Trauma (both sucking and abrasions) can change the vascular permeability and trigger deposition of autoantibodies in patients with subclinical BP [4]. Various factors, including trauma, friction, insect bites, surgical wounds, burns, skin grafting, radiotherapy, photo chemotherapy, and venous access procedures, have been reported to induce lesions [5].

There are several theories for the induction of BP lesions due to trauma. First, disruption of the skin due to trauma might increase the expression of the basement membrane zone antigens, leading to the initiation of an inflammatory process with lower titers of circulating antibodies. Due to the increased storage of circulating autoantibodies, besides inflammatory cell recruitment (particularly granulocytes), tissue damage can improve vascular permeability [4,6]. By attaching to granulocytes, autoantibodies stimulate the complement system and initiate a loop of inflammatory stimuli [4]. Proteolytic enzymes of activated granulocytes, such as matrix metallopeptidase-9, degrade the BP180 extracellular domain and can lead to the formation of bullae [4].

Physical factors, including UV radiation, radiotherapy, and irradiation, can alter the basal membrane and expose modified antigens, leading to the stimulation of autoantibody formation, complement activation, and blister formation [6]. UV radiation and/or radiotherapy decrease T-cell immune reactivity and lead to the development of antibodies targeted against the proteins [4].

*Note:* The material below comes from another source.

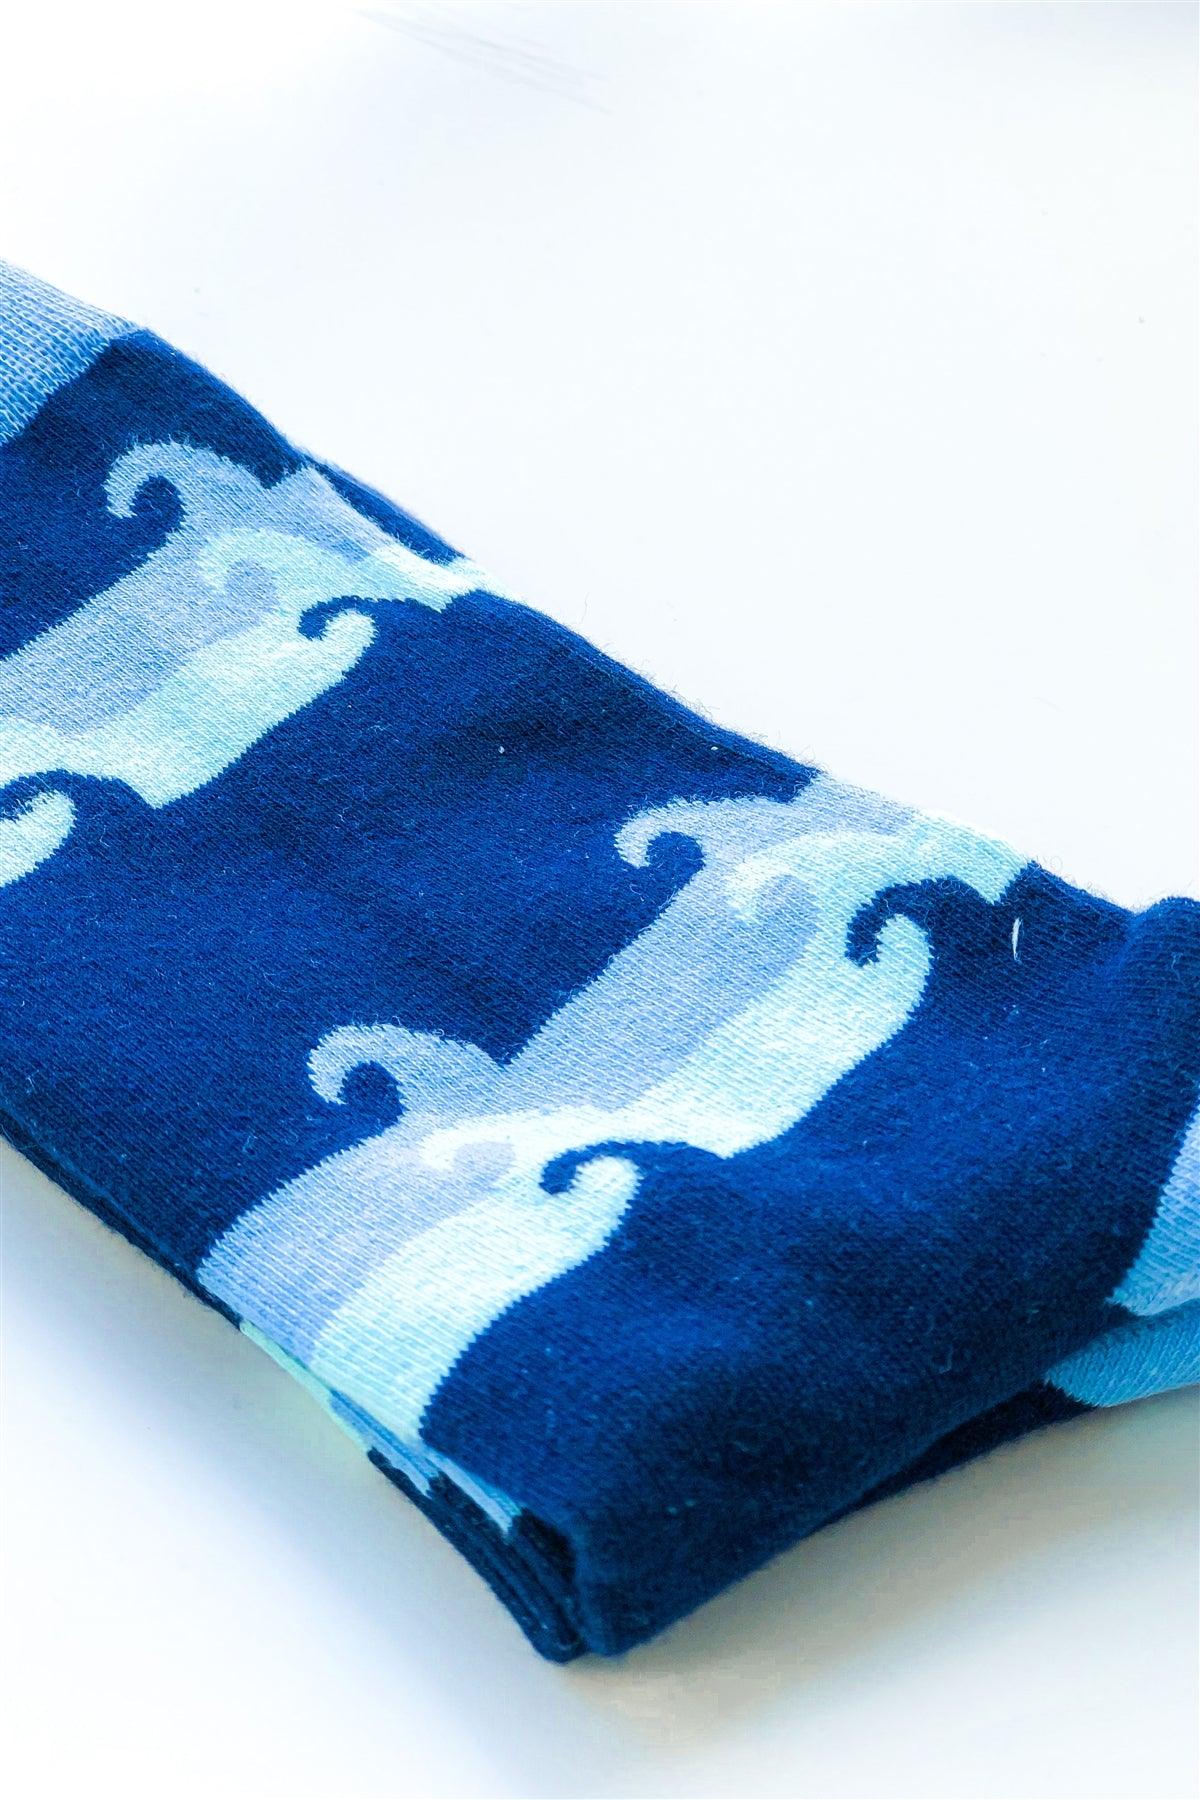 Blue Multi Wave Mid Calf Tube Socks /12 pairs

The epitope spreading phenomenon explains the extension of BP lesions. The targets of immune responses can even be other epitopes of the same protein or proteins from the same tissue [4]. According to the review by Dănescu, the most common factor inducing BP lesions is radiotherapy. The findings showed that the interval between the onset of BP lesions and activity of the trigger factor was less than 1 month, similar to our report [4]. The onset of new lesions may be only limited to the site of trauma, or it may spread to other body parts, as seen in our patient [4].

Conclusion

This article is the first report on the occurrence of BP lesions induced by Hijama therapy. Despite Hijama therapy-induced BP lesions being an uncommon presentation, physicians should be cautious about the risks and consider the diagnosis of BP in patients with blisters arising from Hijama therapy.

Footnotes

Funding: None.

Competing interests: The authors have no conflicts of interest to disclose.